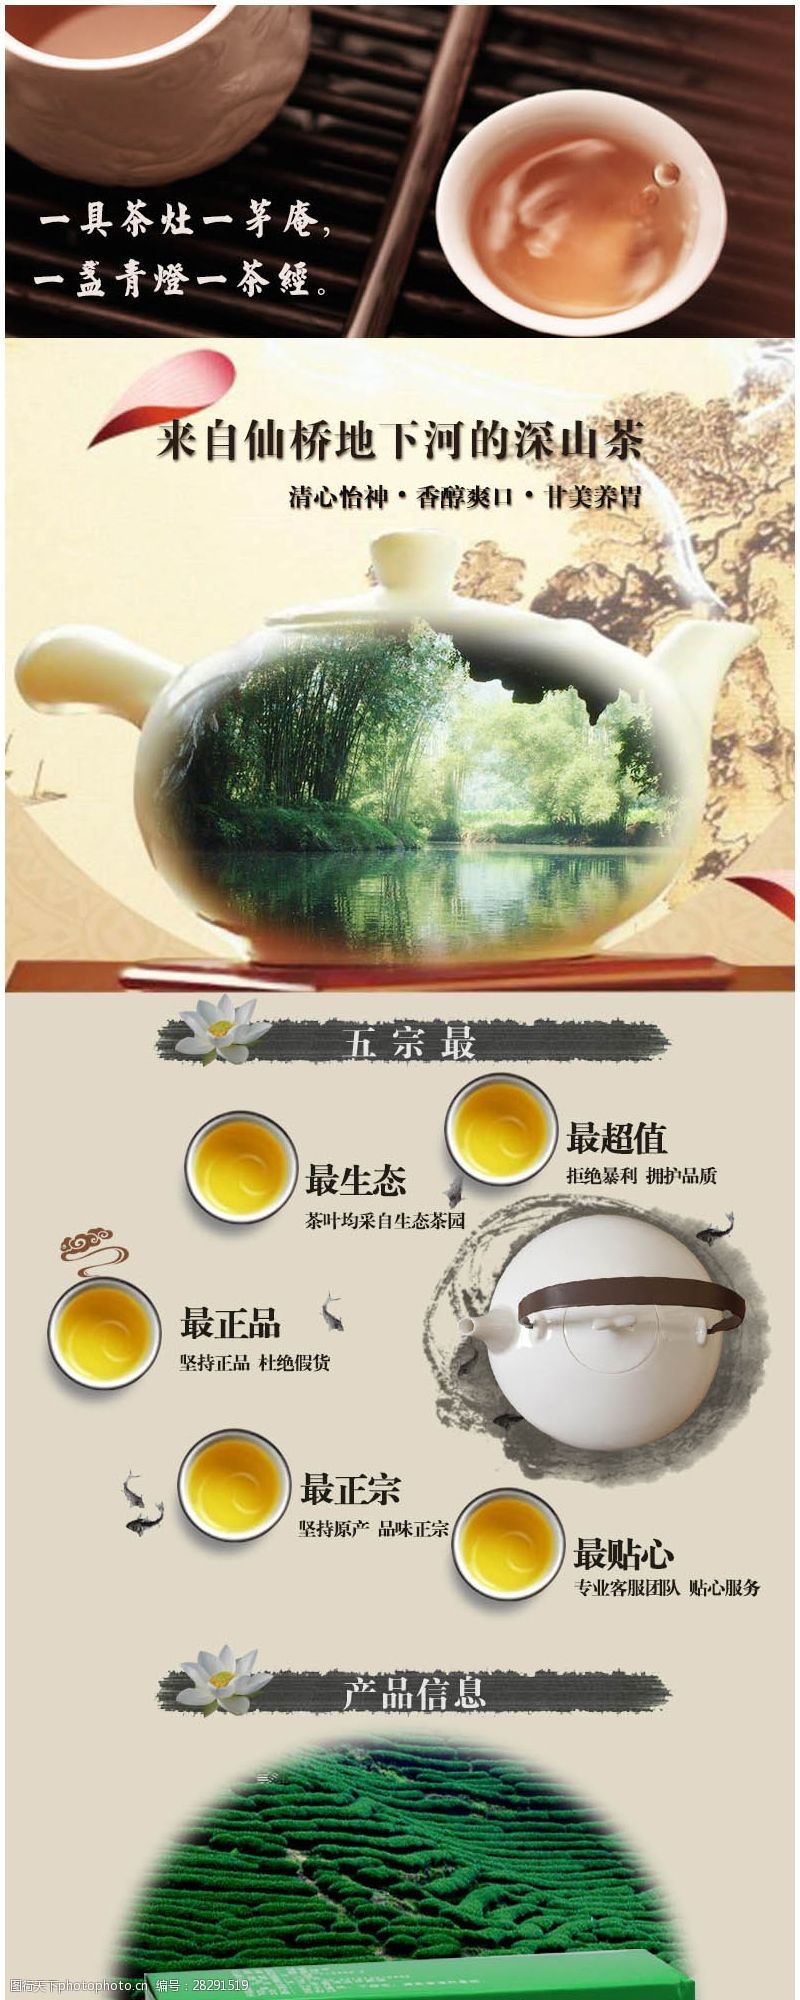 中国风详情页淘宝茶叶店详情页模板
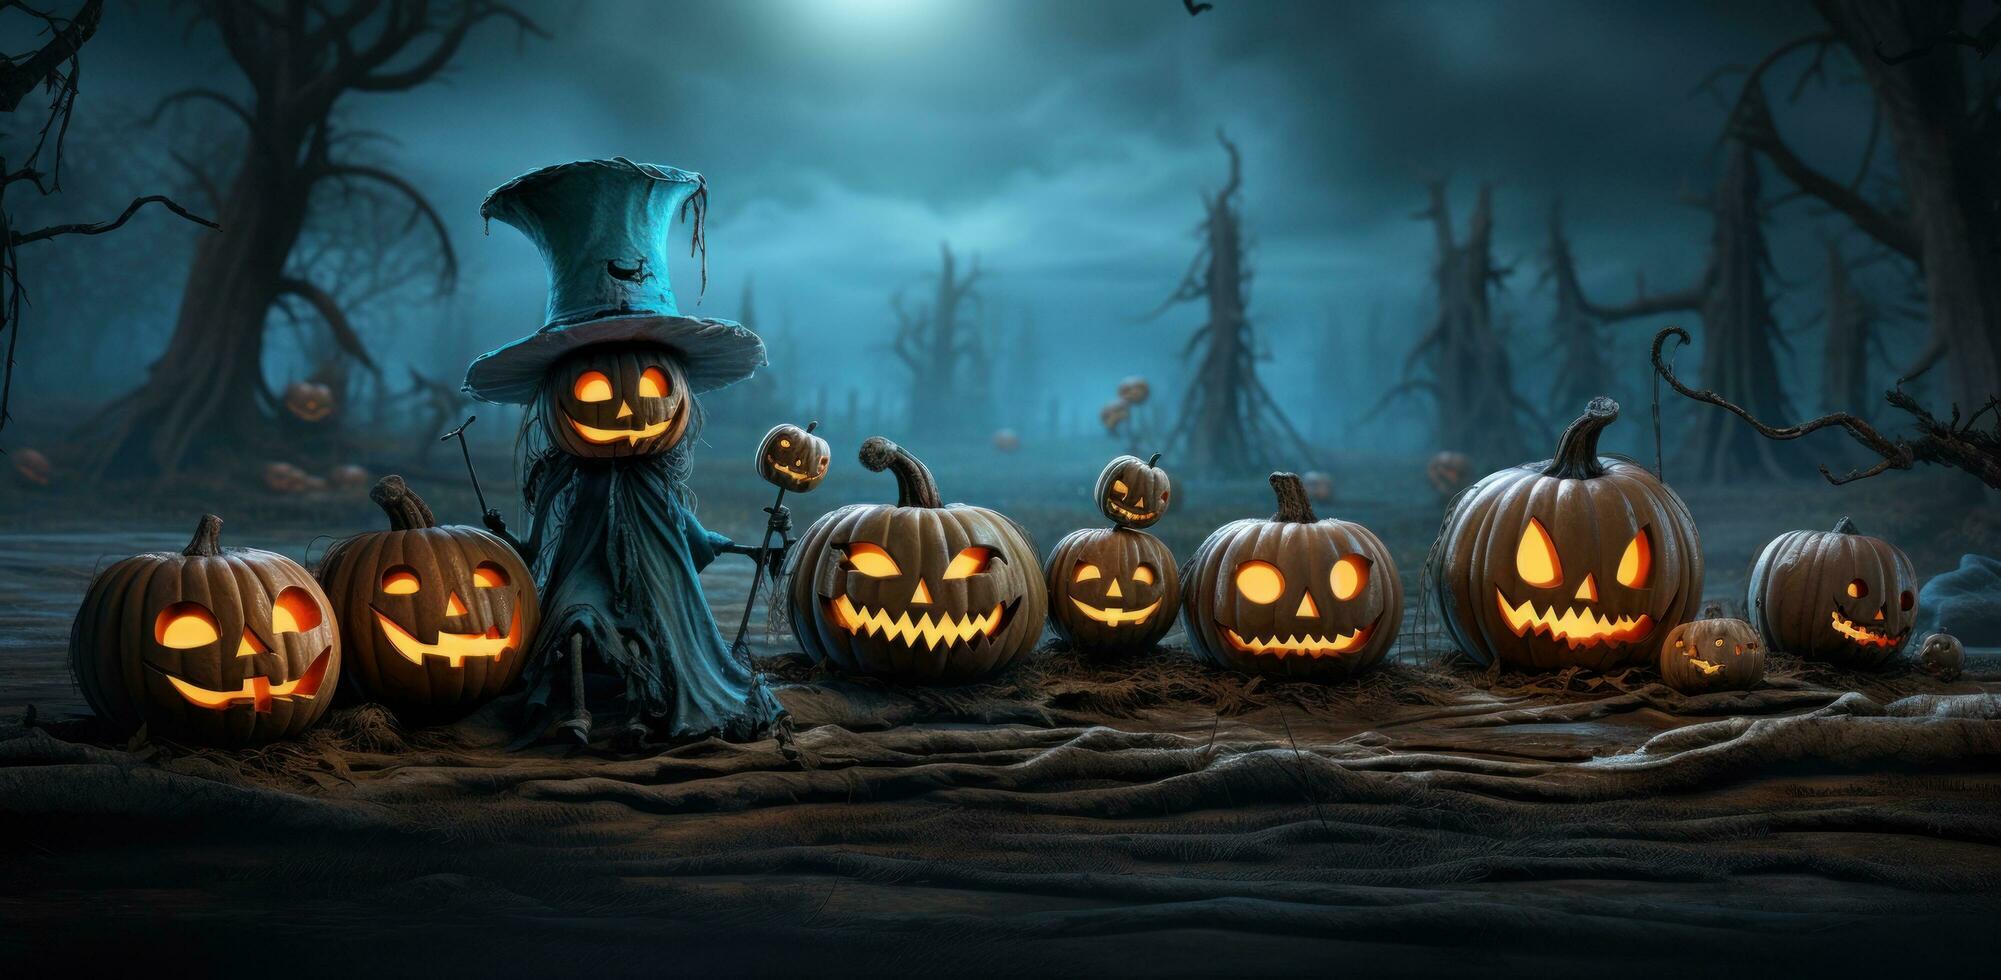 spöklik halloween bakgrund foto
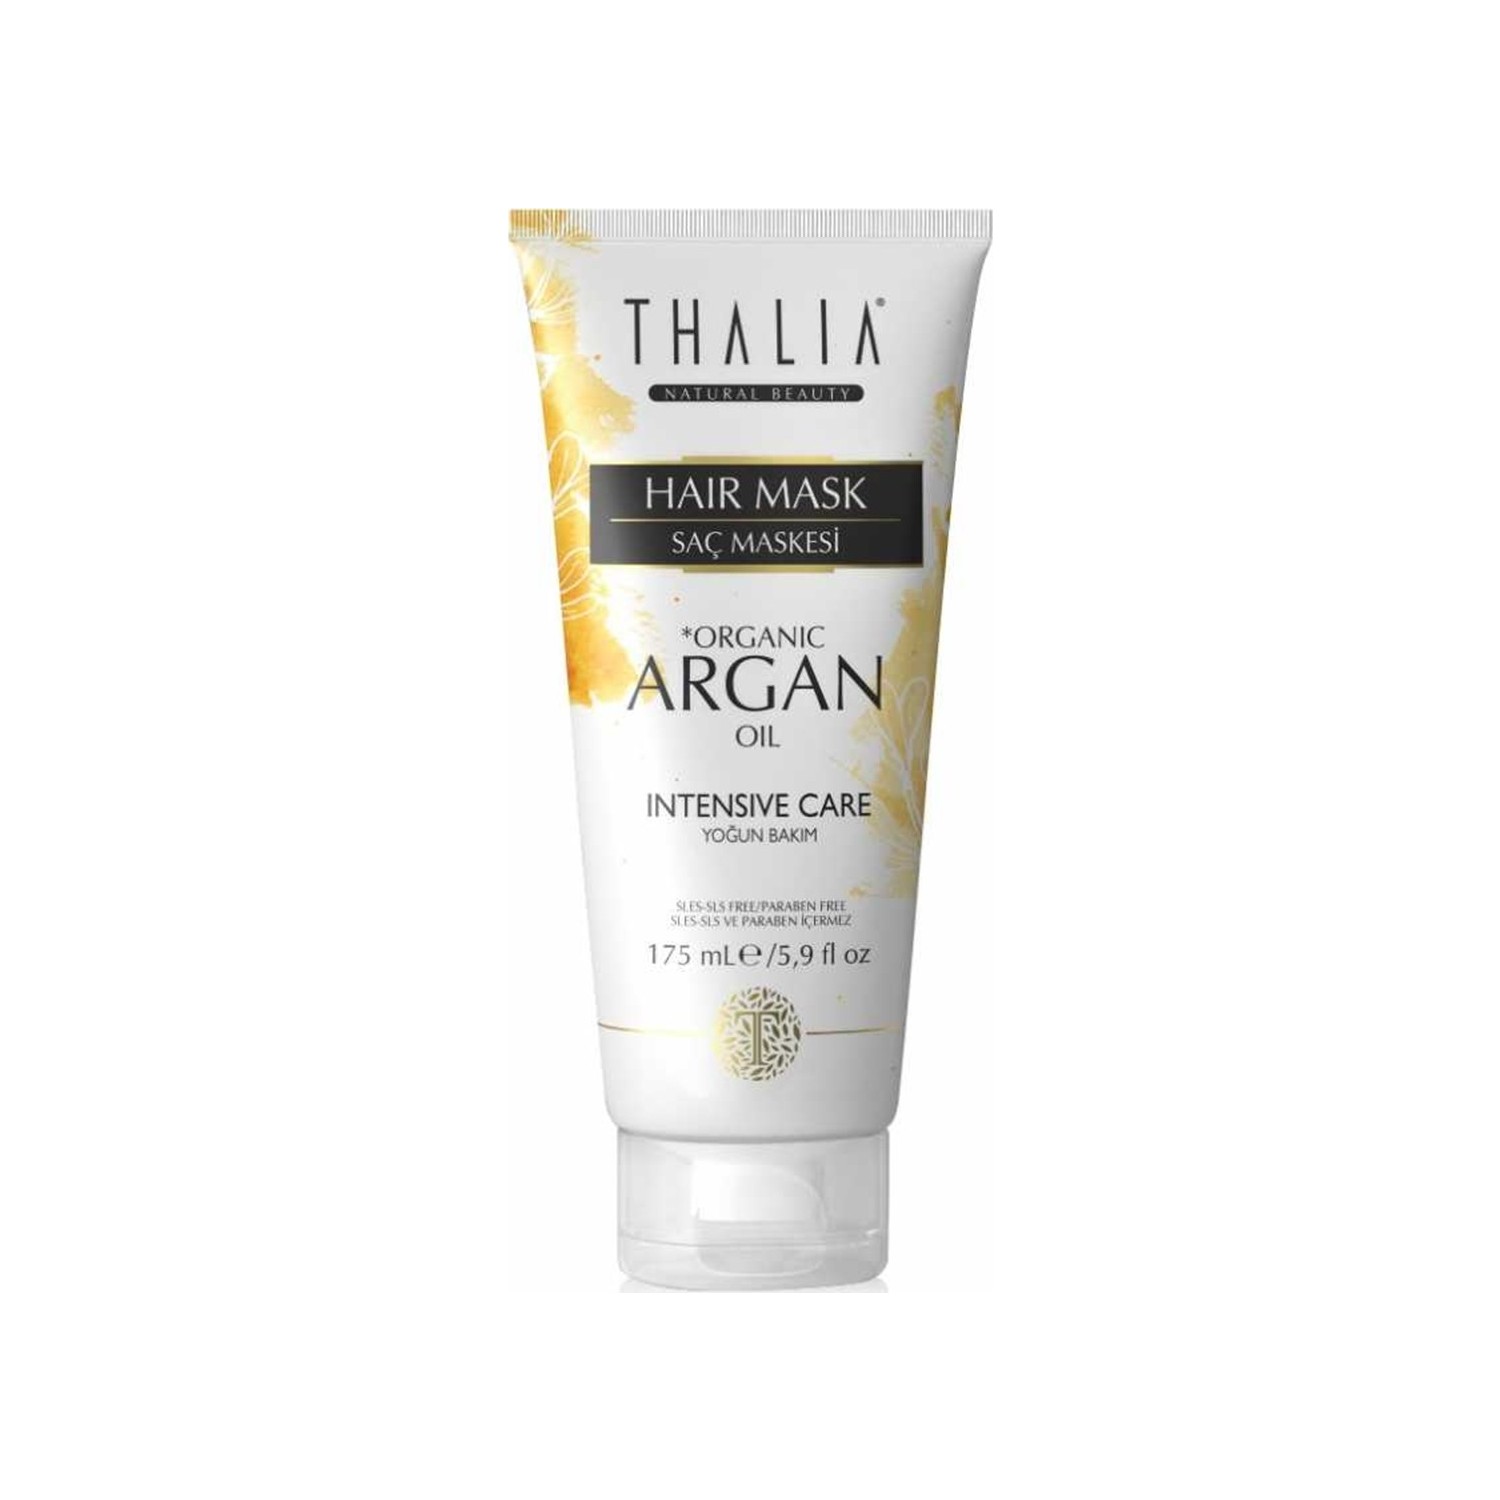 цена Маска для ухода за волосами Thalia с органическим аргановым маслом, 175 мл
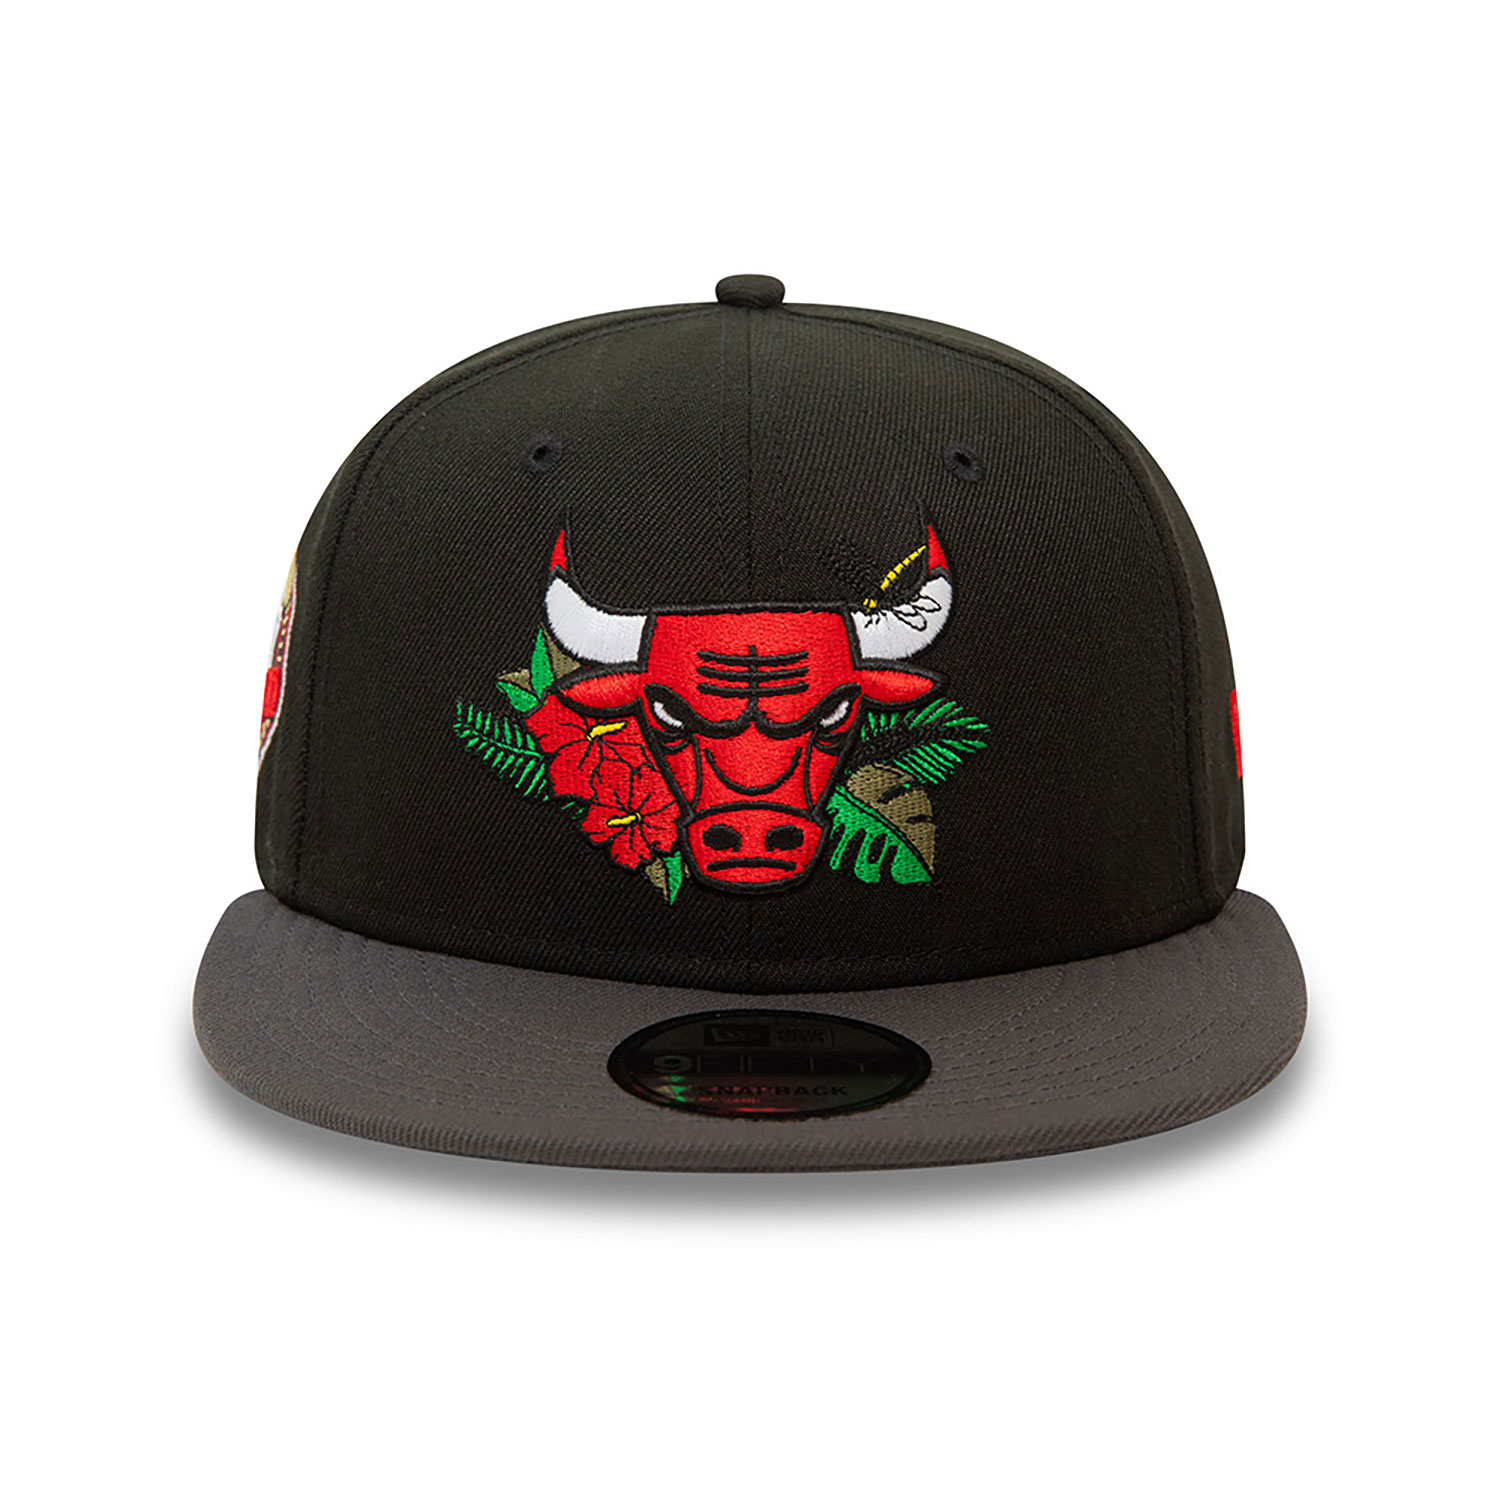 Chicago Bulls NBA Floral Black 9FIFTY Snapback Cap

◆ **PROBLEM TO SOLVE**
Leaving every picture out, please copy exactly the lines from the one holding "цена Маска для" through the last line of the listing, both ends included.

◆ **FINAL ANSWER**
 цена Маска для ухода за волосами Thalia с органическим аргановым маслом, 175 мл
 Chicago Bulls NBA Floral Black 9FIFTY Snapback Cap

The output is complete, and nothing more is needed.